## Given data
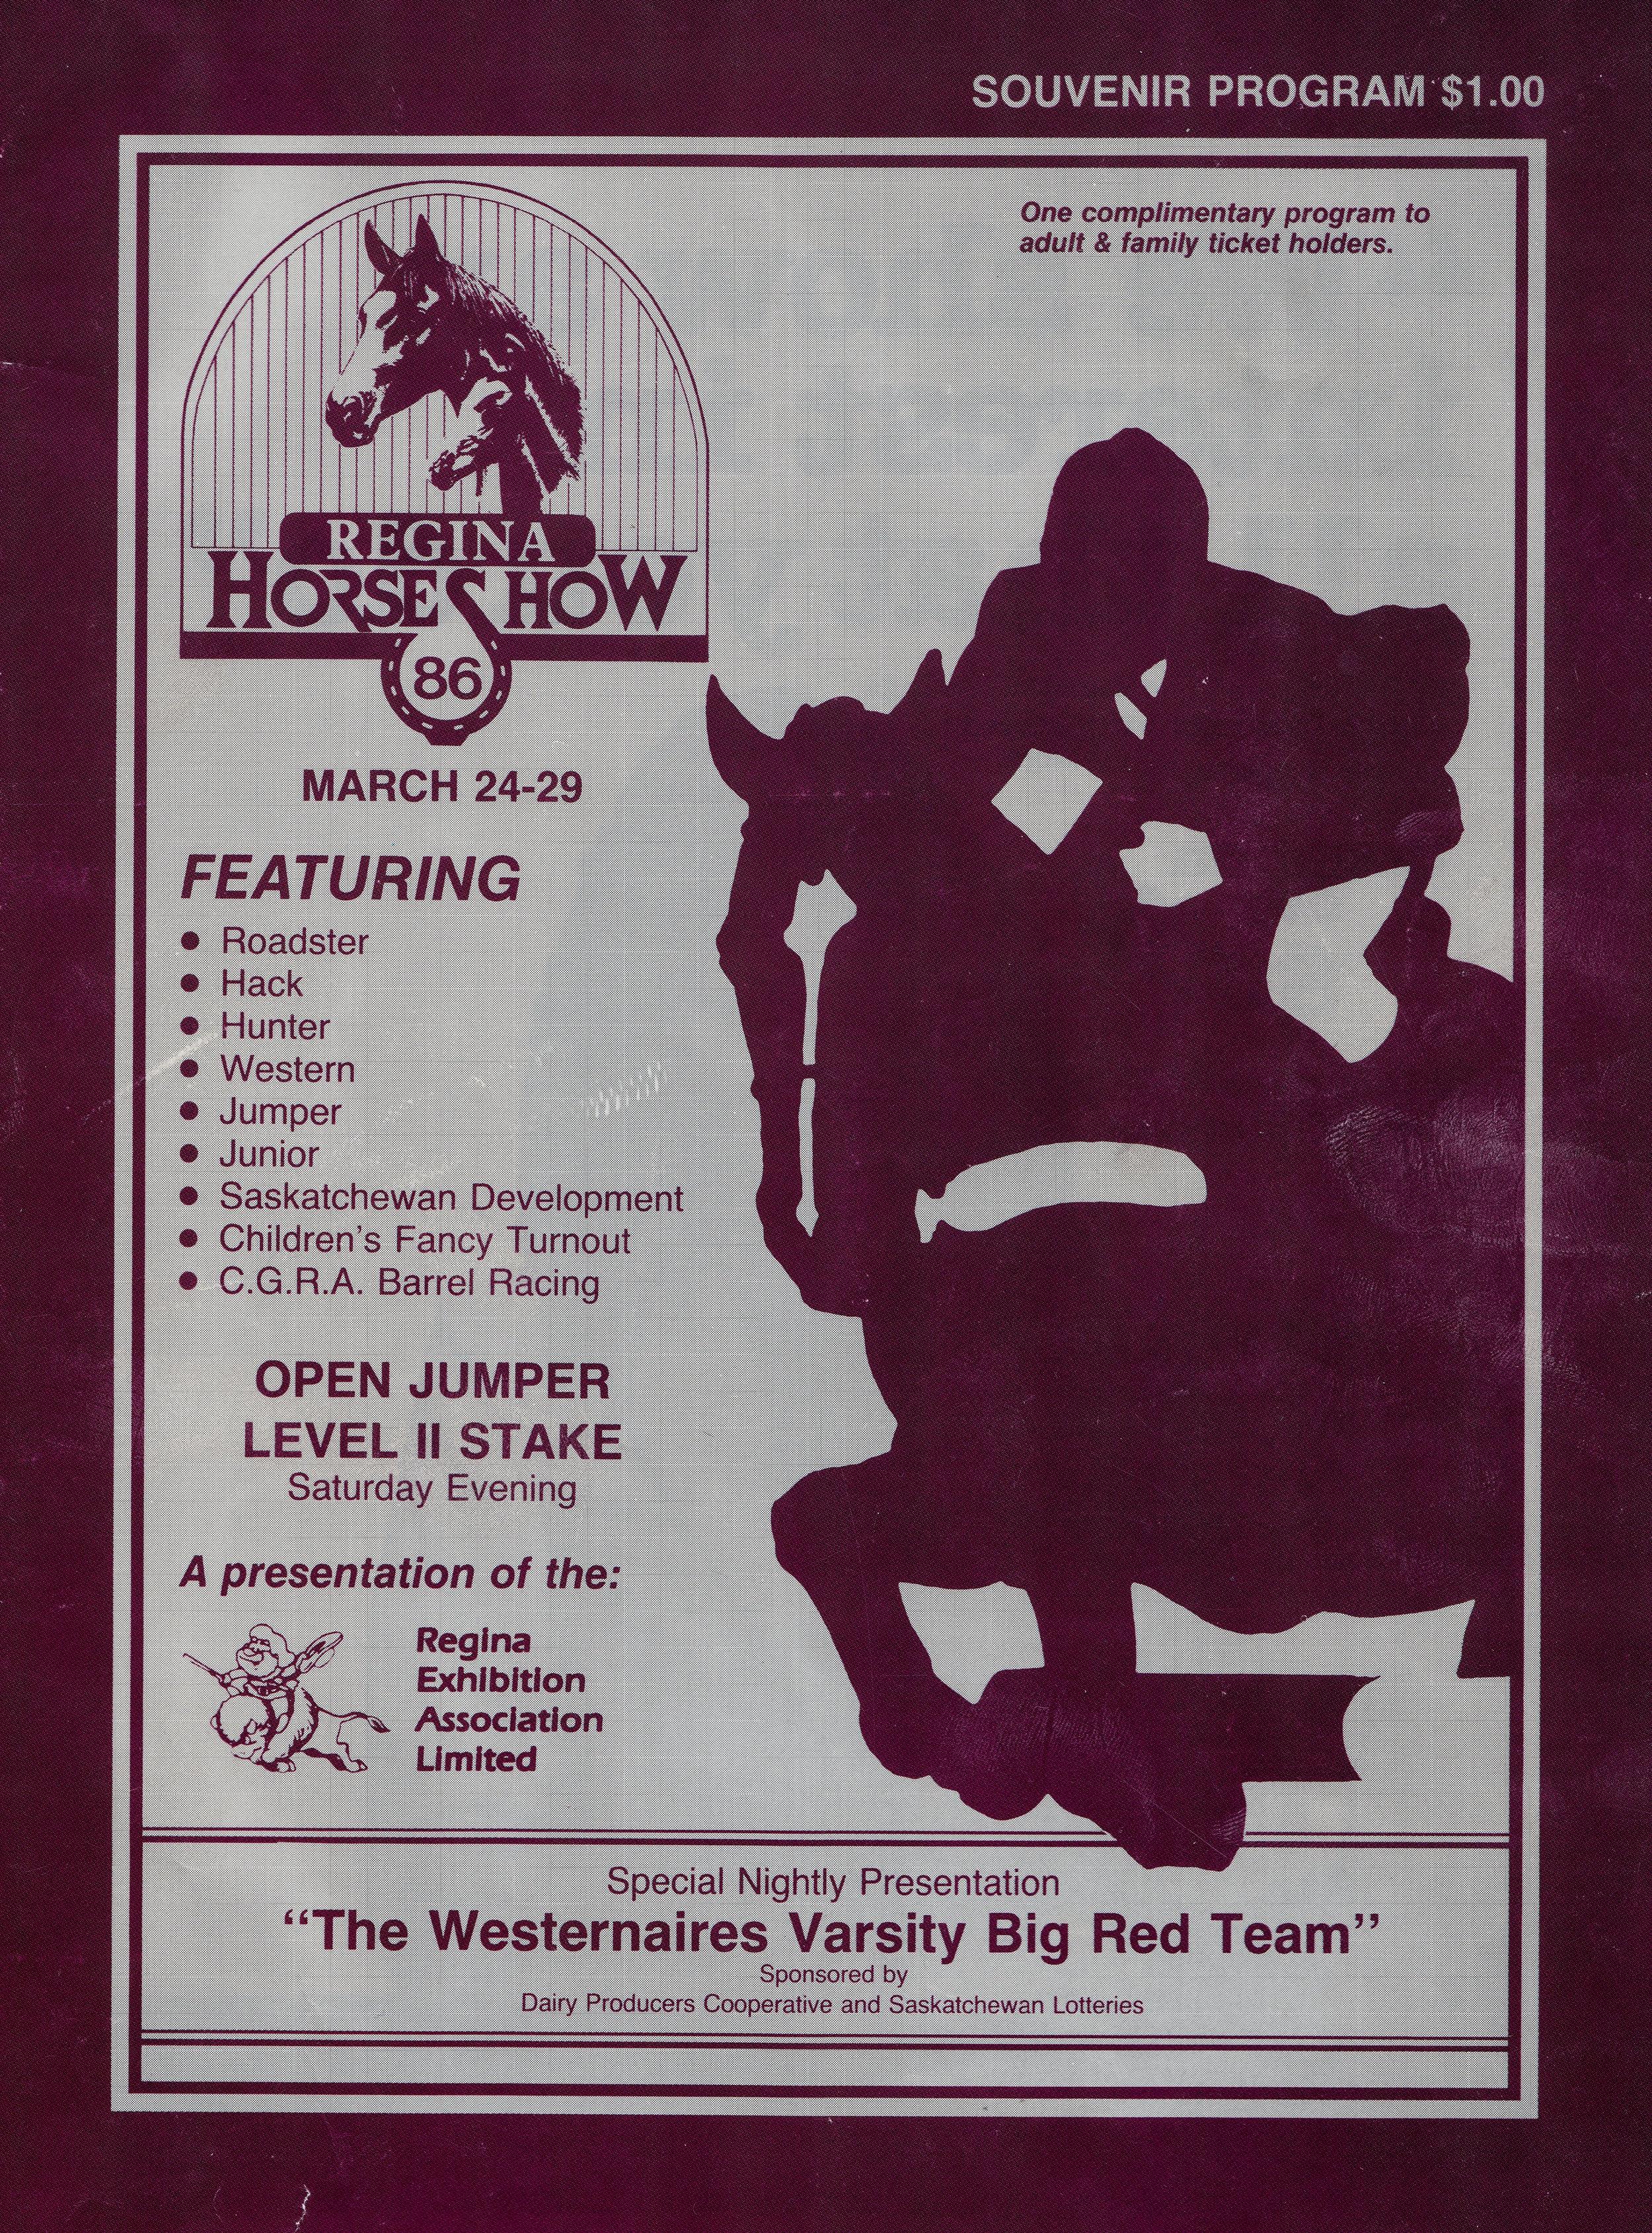 The 1986 Regina Horse Show program cover
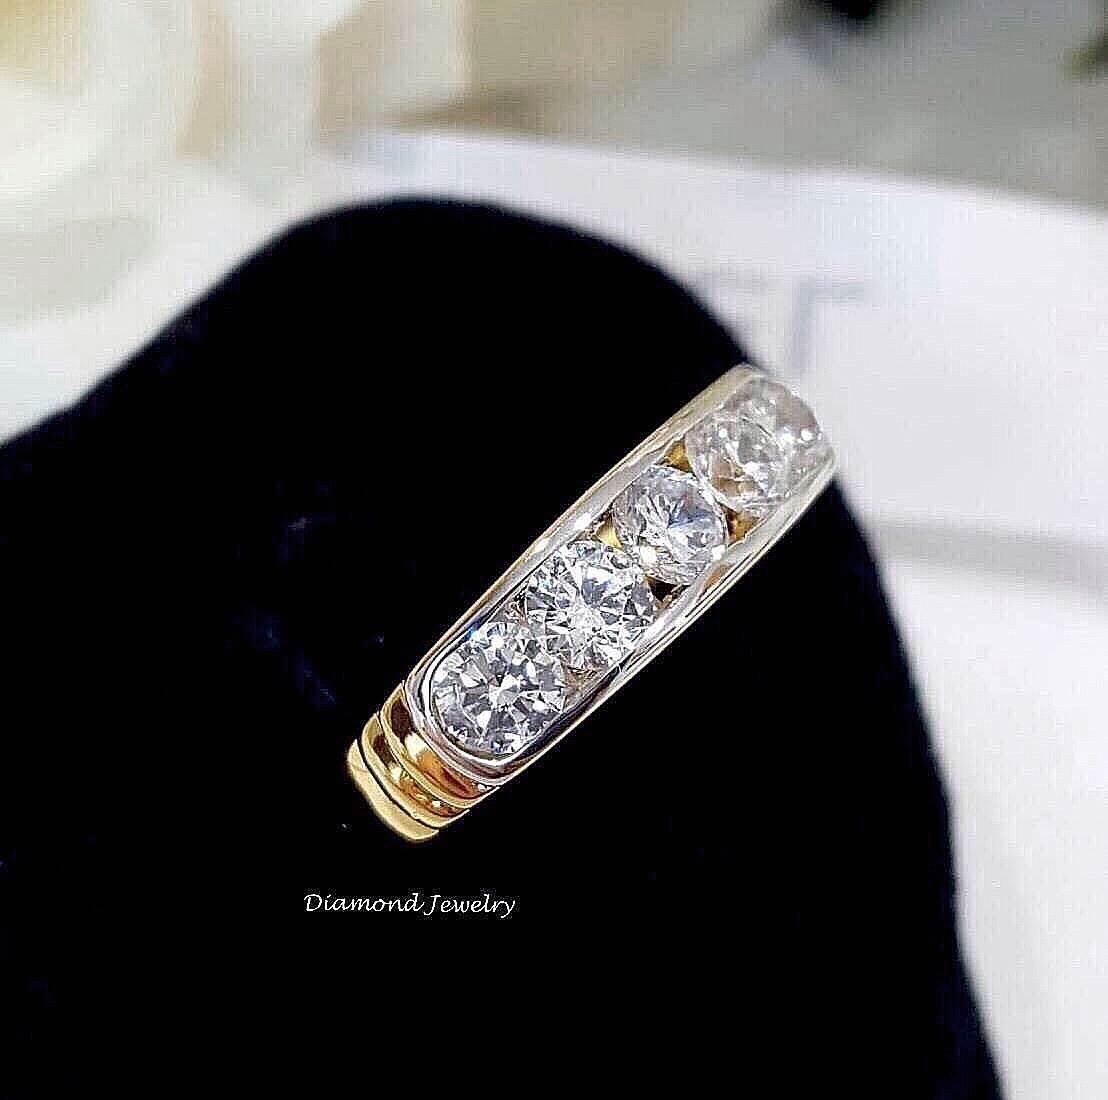 พร้อมส่ง Diamond Ring งานเพชรสวิส
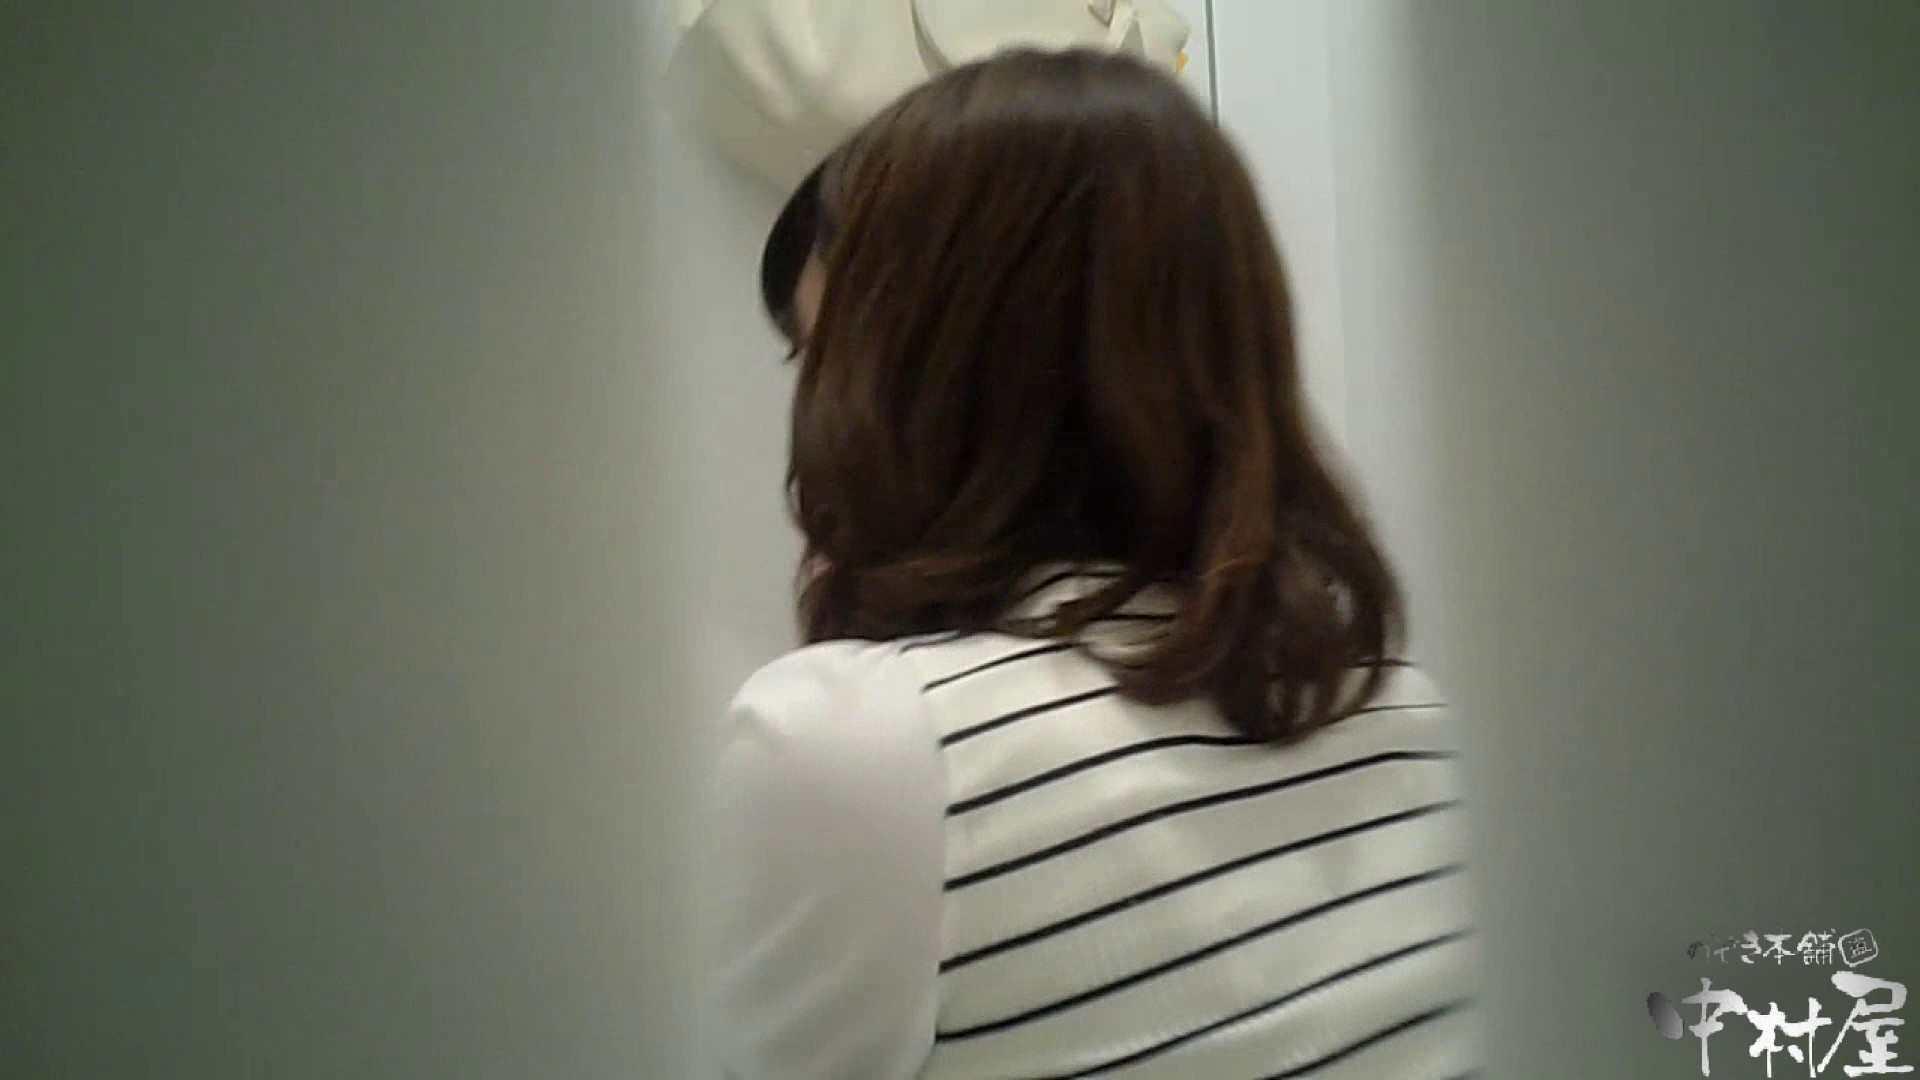 【某有名大学女性洗面所】有名大学女性洗面所 vol.37 ついでにアンダーヘアーの状態確認ですね。 投稿 のぞき動画キャプチャ 11枚 11

## Task brief
A verbatim transcription of the listing is expected, with no pictures included.

## Answer to the exercise
 The 1986 Regina Horse Show program cover
 พร้อมส่ง Diamond Ring งานเพชรสวิส
 【某有名大学女性洗面所】有名大学女性洗面所 vol.37 ついでにアンダーヘアーの状態確認ですね。 投稿 のぞき動画キャプチャ 11枚 11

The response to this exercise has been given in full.